Work instructions
A verbatim copy of the data is wanted, minus any picture in it.

Data extract
========================
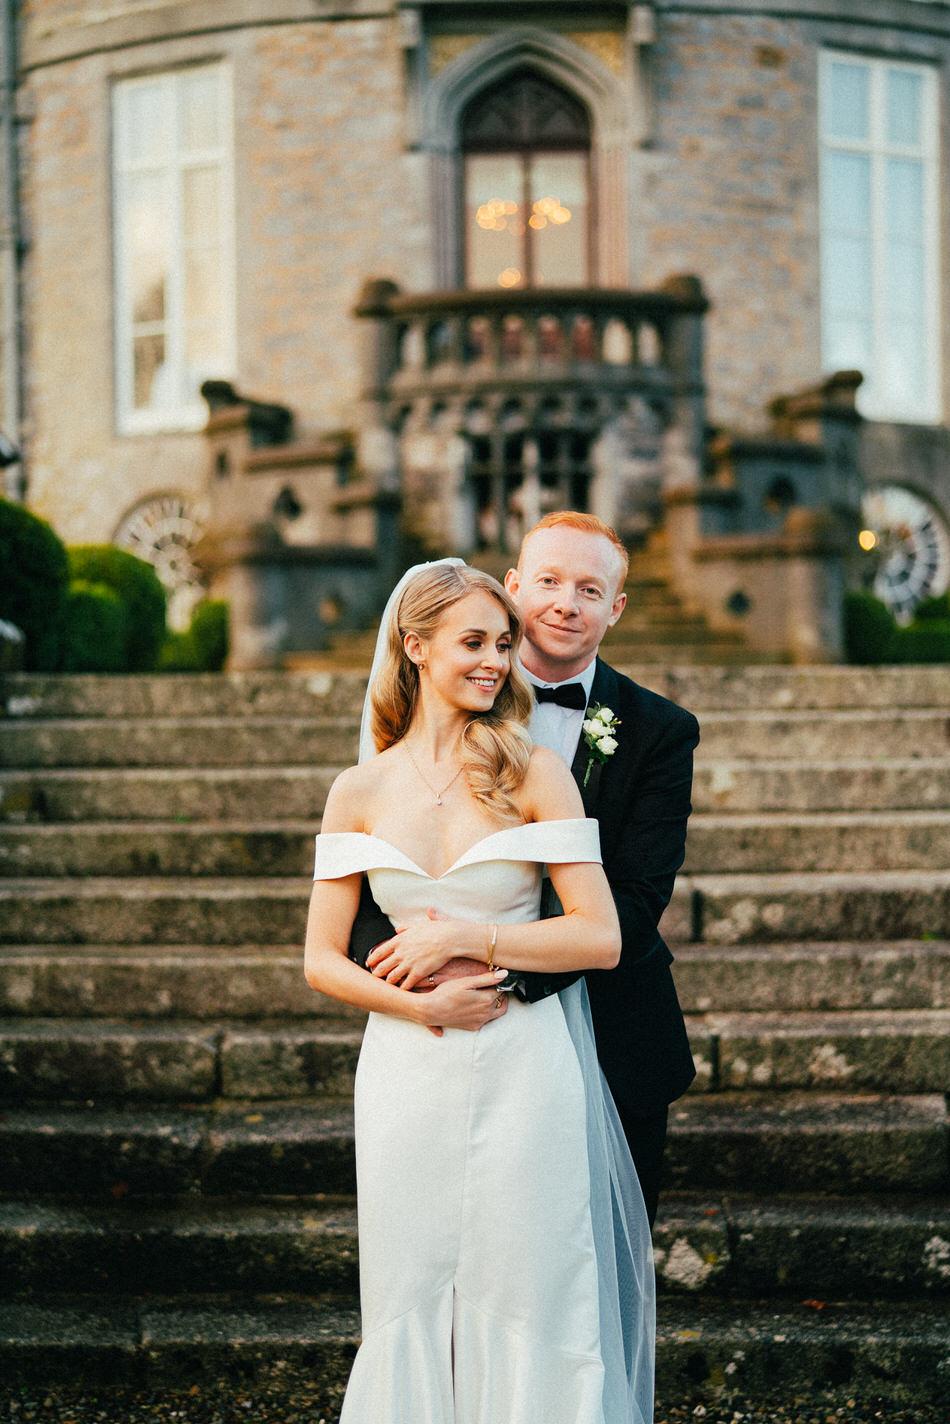 Castle-wedding-ireland-photos- 0197 139
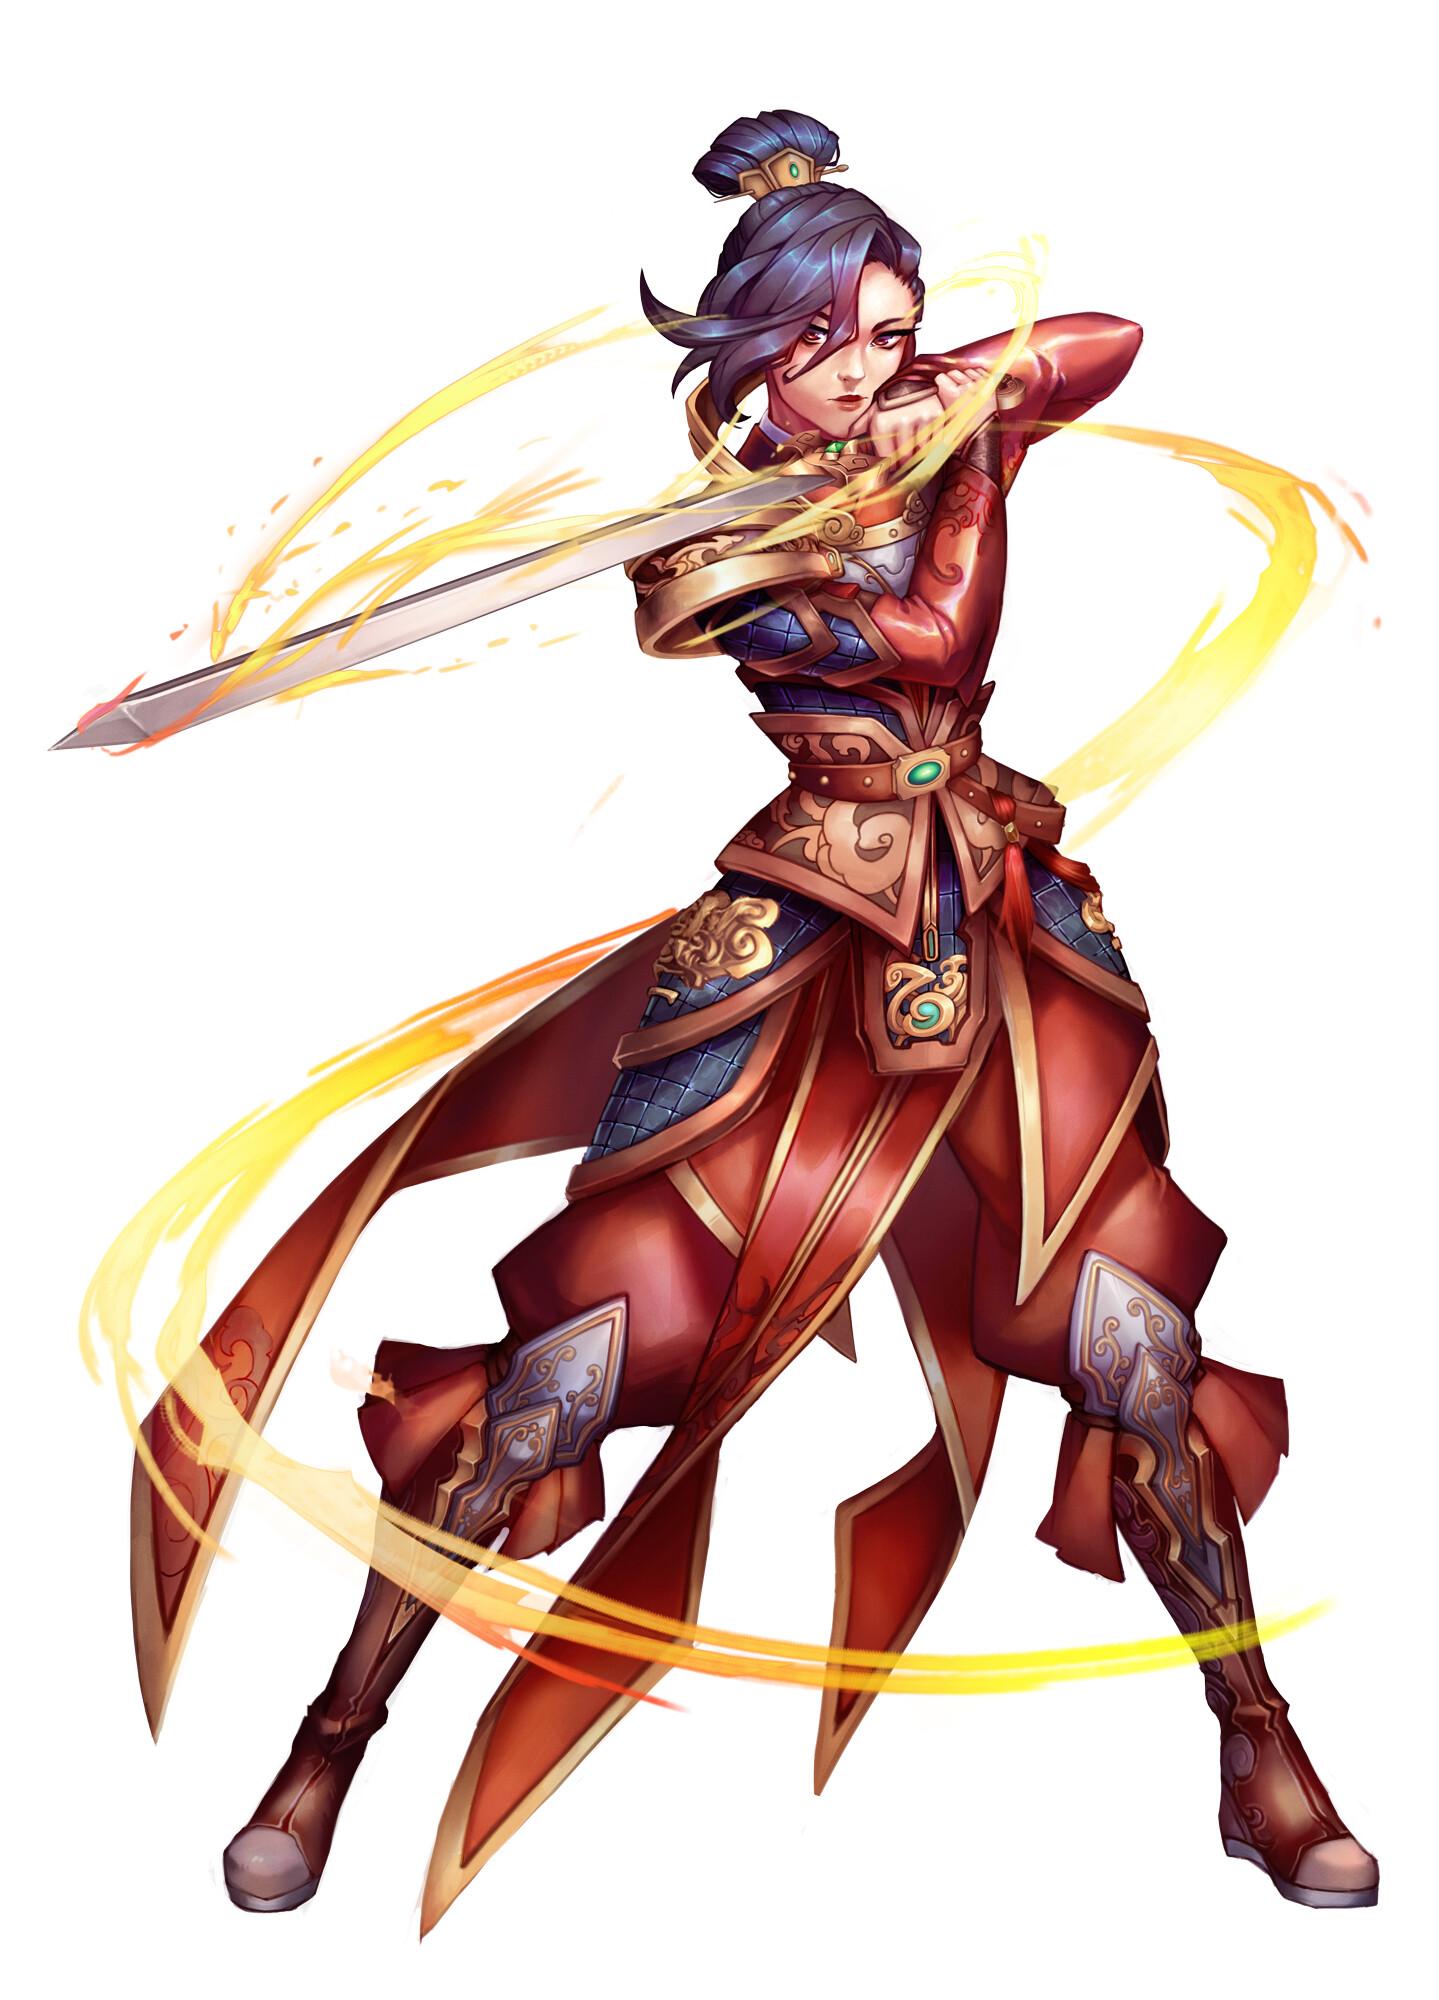 Mulan with FX
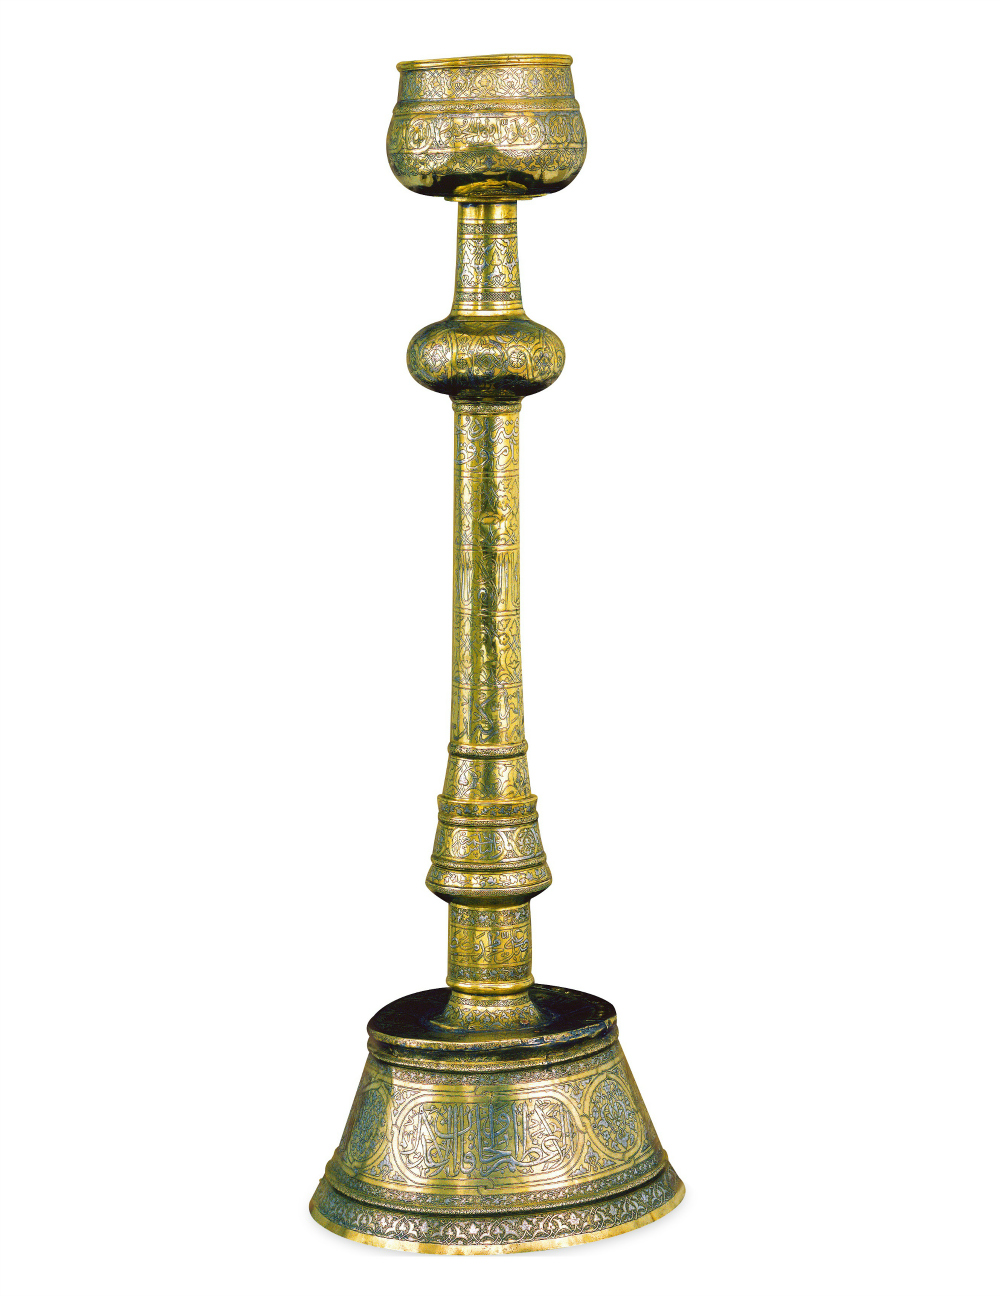 The Lamp of Haci Bayram Veli
========================
Exercise solution
 Castle-wedding-ireland-photos- 0197 139
 Mulan with FX
 The Lamp of Haci Bayram Veli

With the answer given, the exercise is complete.